> Exercise data
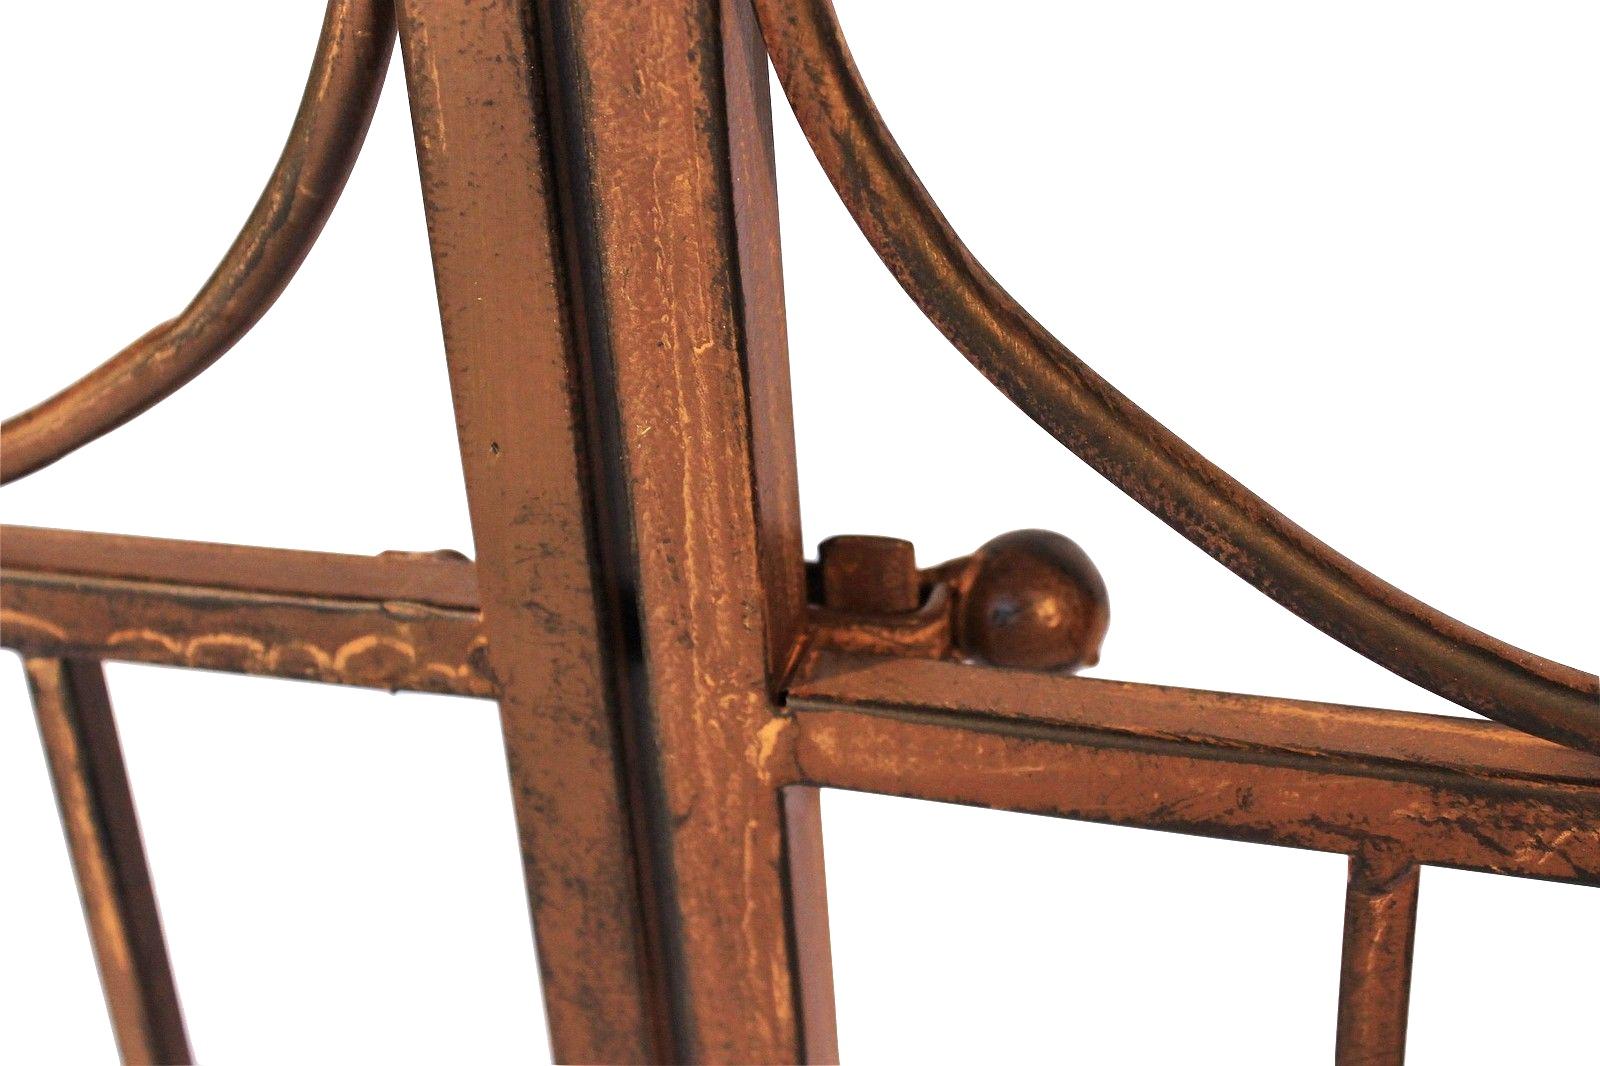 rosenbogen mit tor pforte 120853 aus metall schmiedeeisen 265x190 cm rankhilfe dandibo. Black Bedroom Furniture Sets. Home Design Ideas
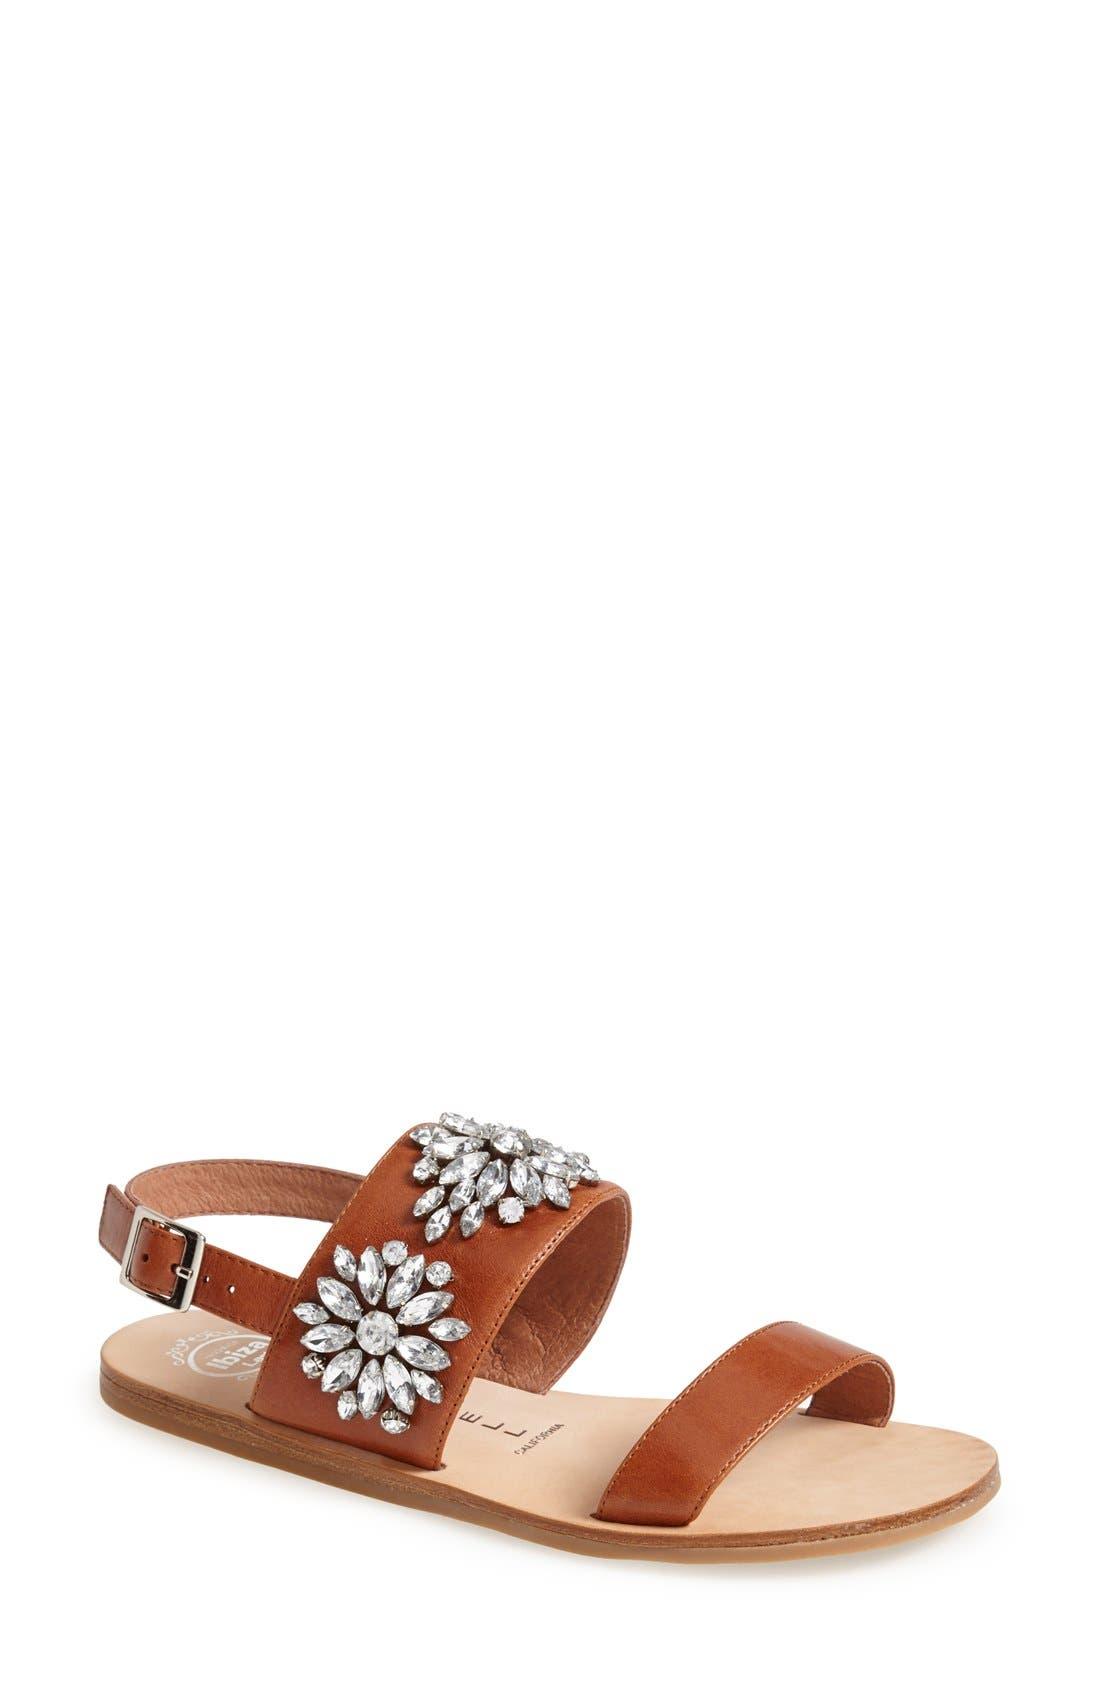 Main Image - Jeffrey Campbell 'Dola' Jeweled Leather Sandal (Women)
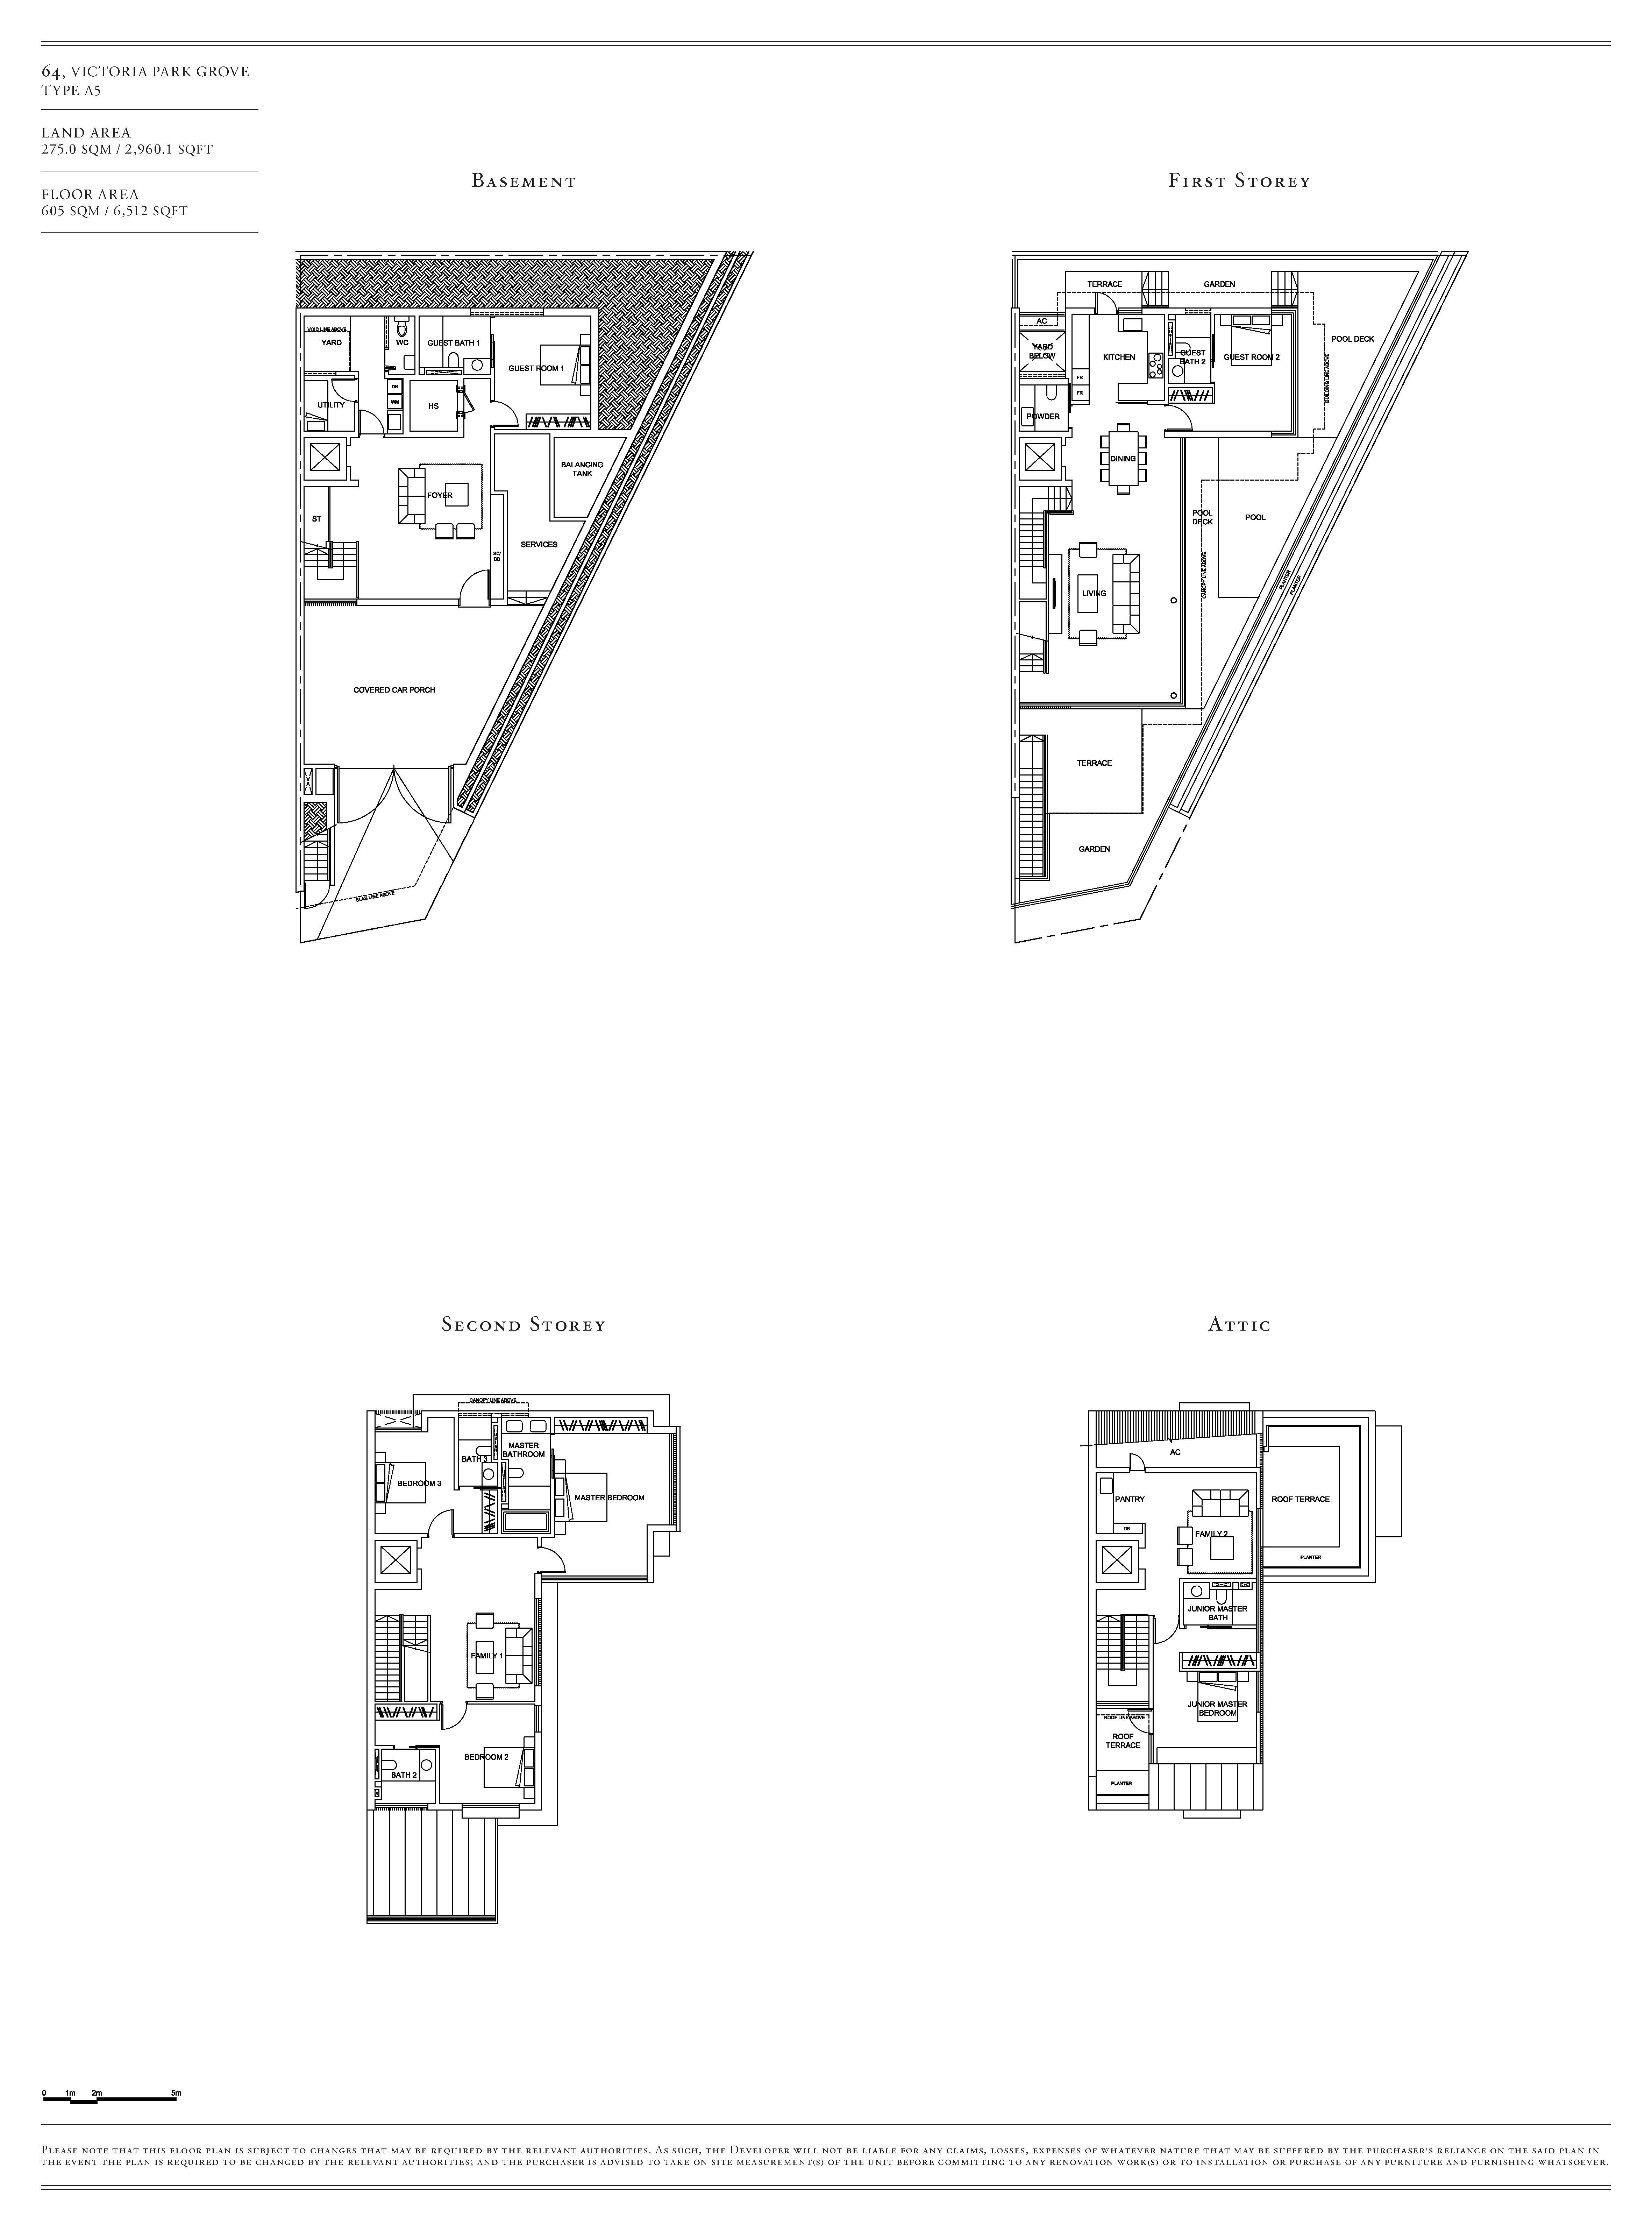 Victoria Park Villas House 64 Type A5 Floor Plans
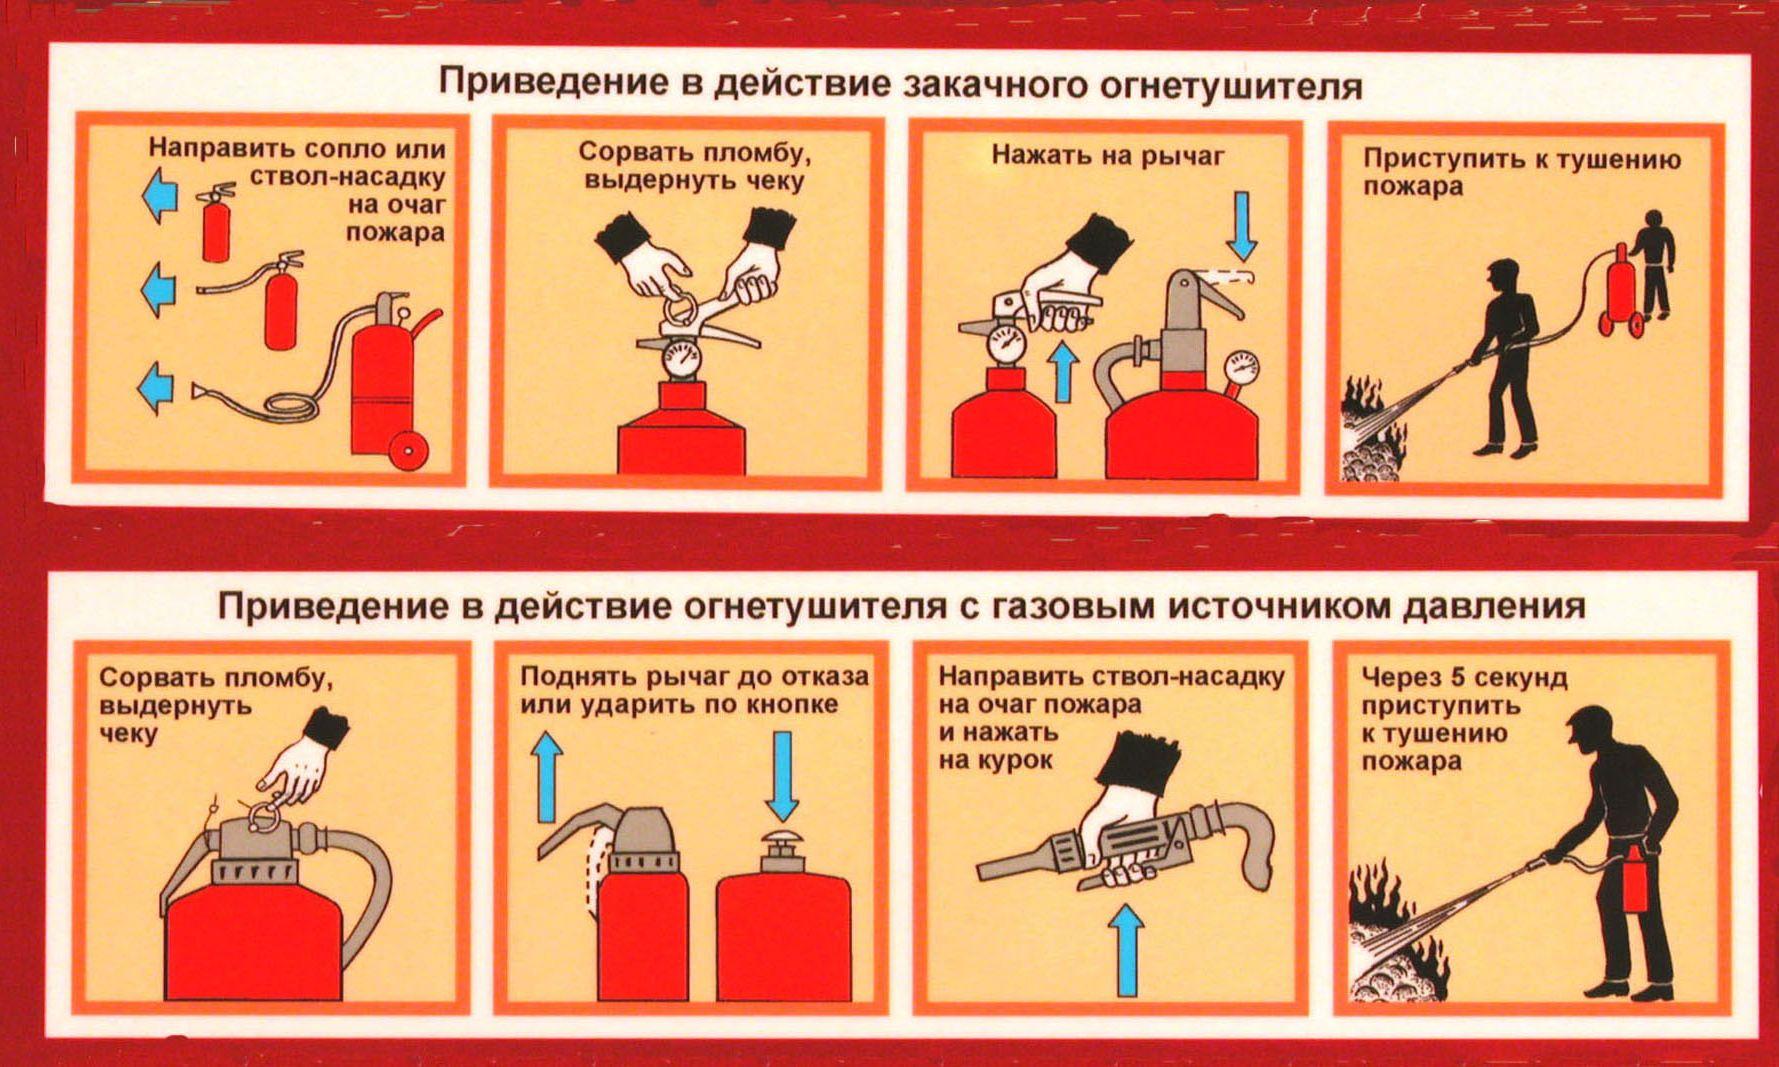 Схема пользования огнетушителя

> Task details
Transcribe the lines above exactly, setting aside any picture among them.

> Solution
 rosenbogen mit tor pforte 120853 aus metall schmiedeeisen 265x190 cm rankhilfe dandibo. Black Bedroom Furniture Sets. Home Design Ideas
 Main Image - Jeffrey Campbell 'Dola' Jeweled Leather Sandal (Women)
 Victoria Park Villas House 64 Type A5 Floor Plans
 Схема пользования огнетушителя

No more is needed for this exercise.